[Math] Closed Intervals of $\omega_1$ Are Compact

compactnessgeneral-topologyorder-topologyordinalsset-theory

Consider the space $\omega_1$ (the first uncountable ordinal) together with the order topology (a convenient base for which is $\{(\alpha, \beta] \mid \alpha, \beta \in \omega_1\} \cup \{0\}$ ). I wish to show:

Any closed interval of $\omega_1$ is compact under the order topology.

At first I thought it false for the following reason: Take $[1, \omega^2]$ ($\omega$ is the first countable ordinal), which contains countably-many countable ordinals ($\omega \cdot n$ for each $n \in \omega$).
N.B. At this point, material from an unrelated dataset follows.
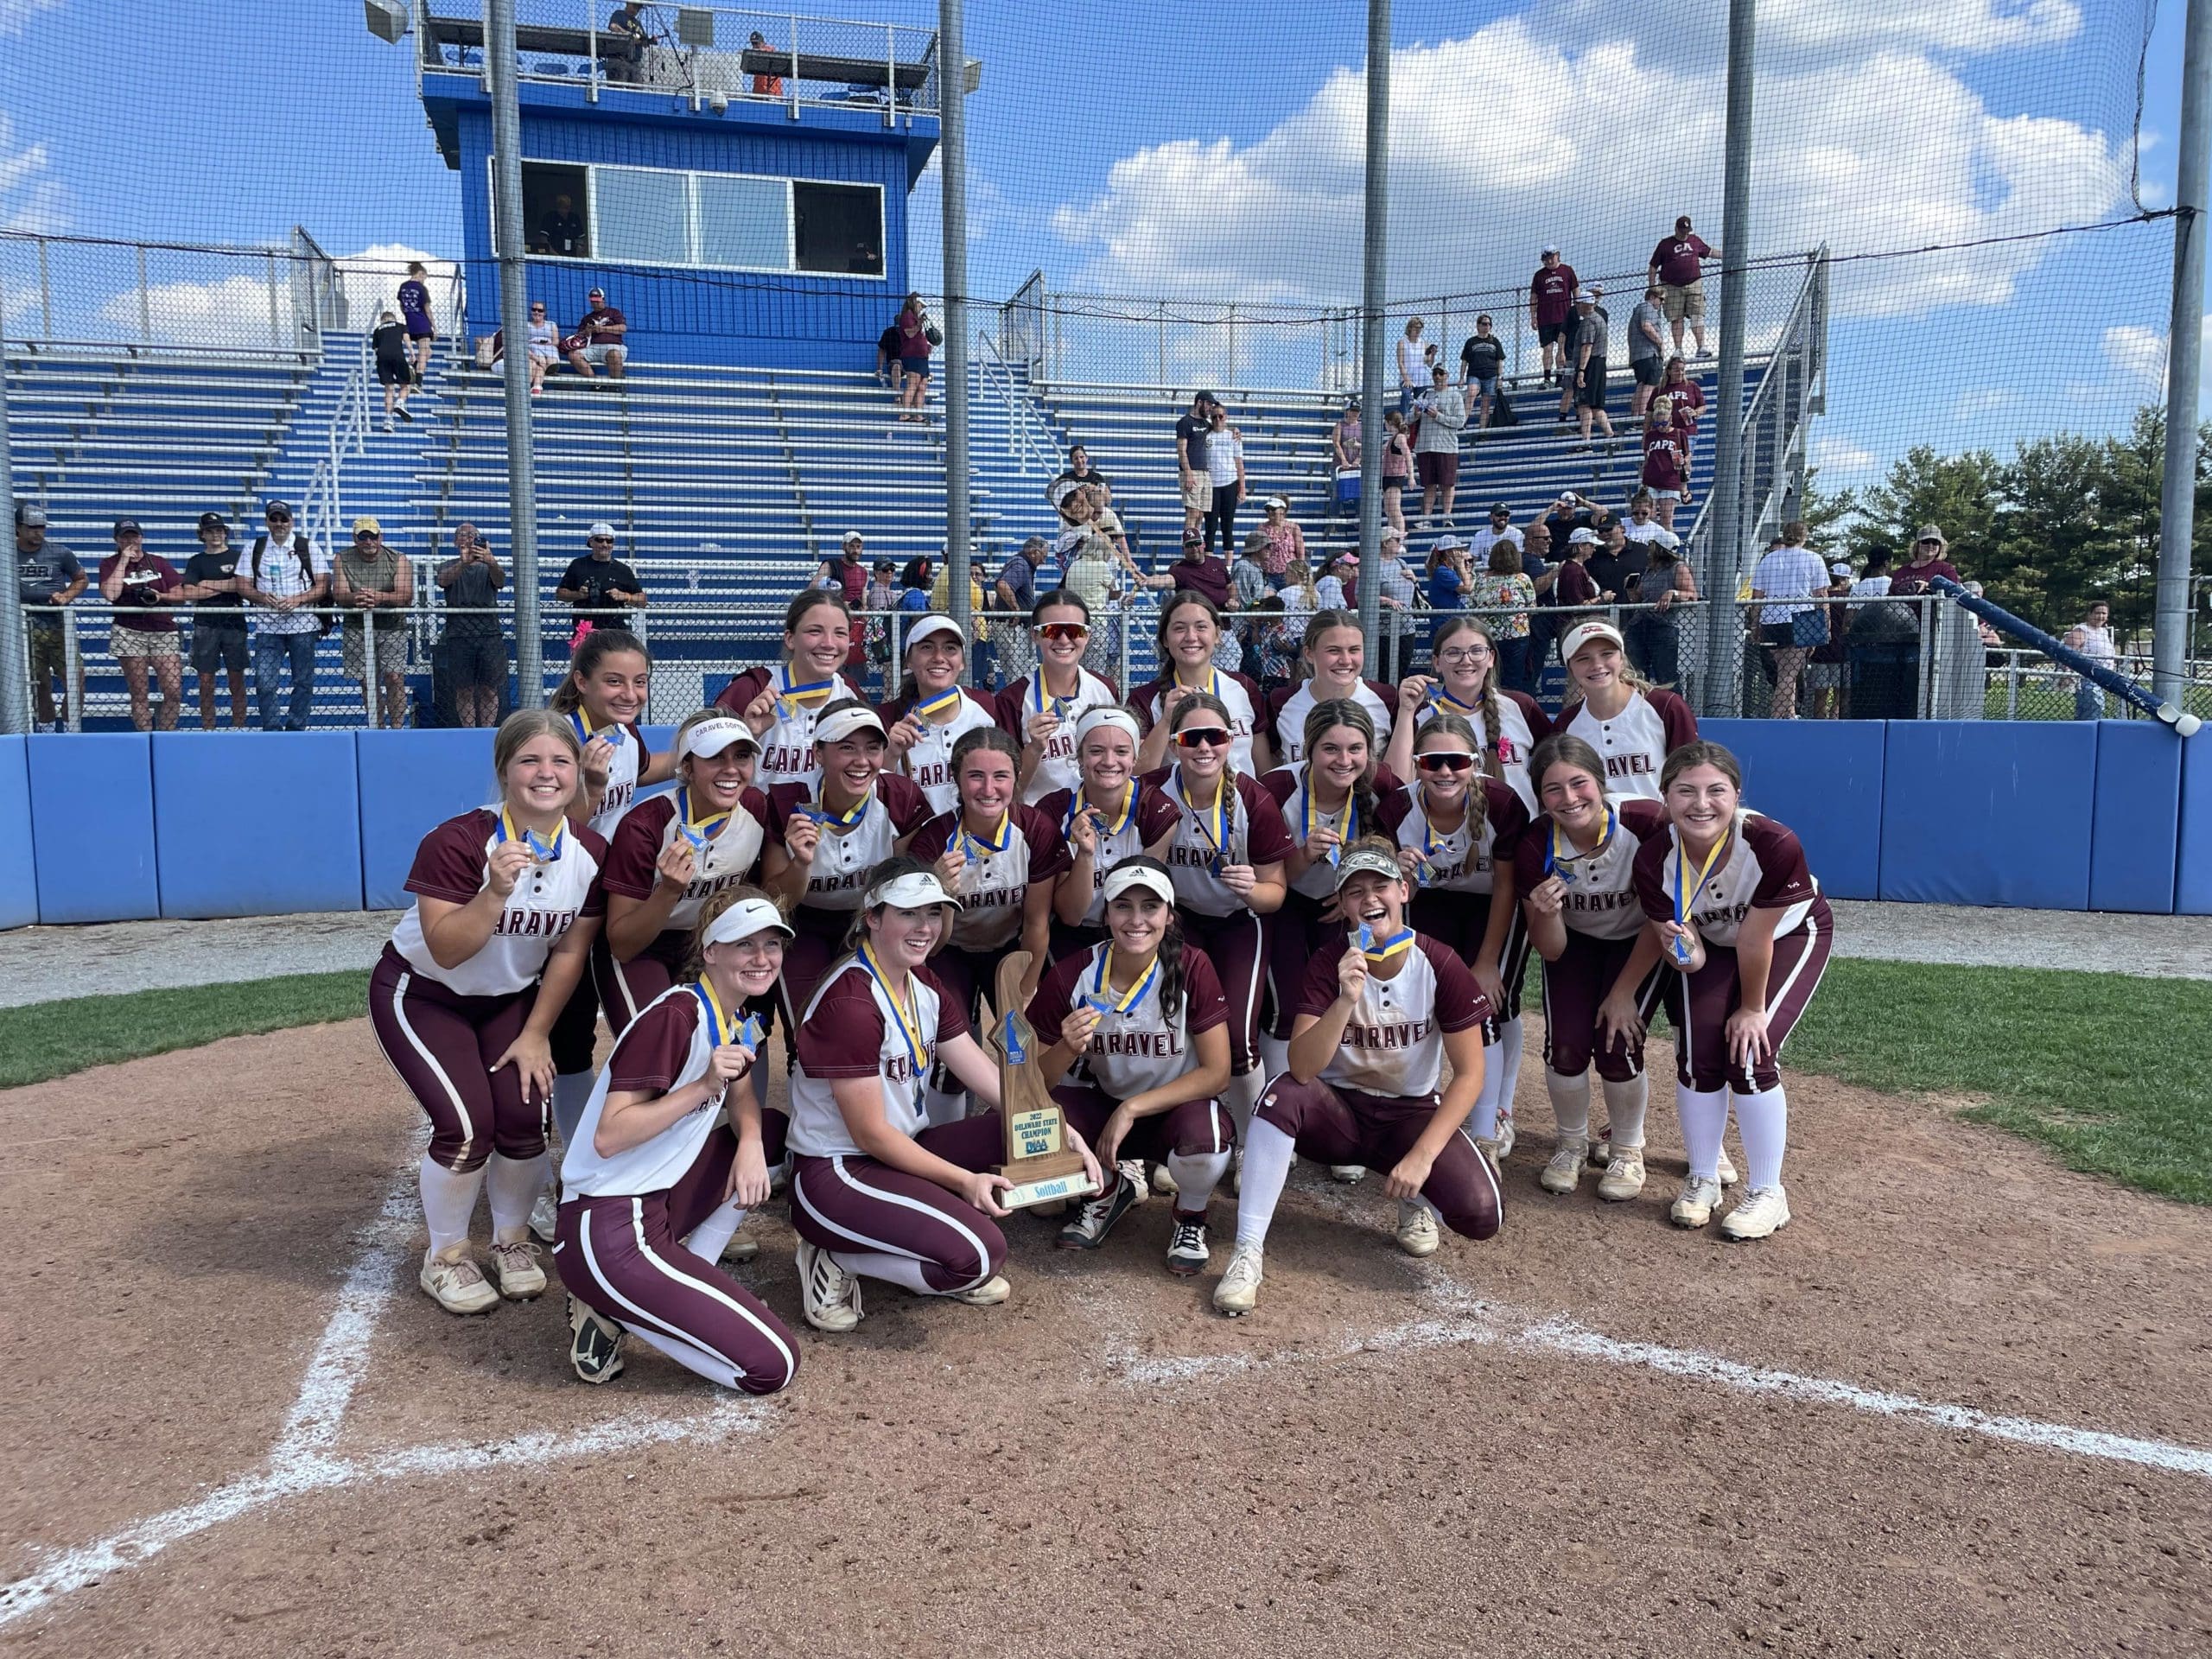 Featured image for “Caravel wins thrilling softball championship over Sussex Central”

If the cover of $[1, \omega^2$] is such that no open set contains more than one countable ordinal, then it cannot be reduced to a finite subcover.

The flaw in my reasoning: There is no countable ordinal that is the immediate predecessor of $\omega^2$. Any open set containing $\omega^2$ is going to contain all but finitely-many ordinals of the form $\omega \cdot n$.

As we go out toward $\omega_1$, the open sets around certain limit ordinals are going to take bigger "bites". Can this idea be made rigorous?

If my thoughts are not going to be particularly fruitful, then I would be happy with another approach. (Hints only, please.)

Best Answer

If you want to use a more general approach: for ordered spaces, compactness = order completeness (every subset has a supremum and an infimum), and for closed intervals of $\omega_1$ (where the induced topology = the order topology) this follows easily: we have a min for every non-empty subset, so certainly an infimum, and being bounded above gives us a minimum for the set of upper bounds hence a supremum as well, which by being a closed interval must be in the closed interval too.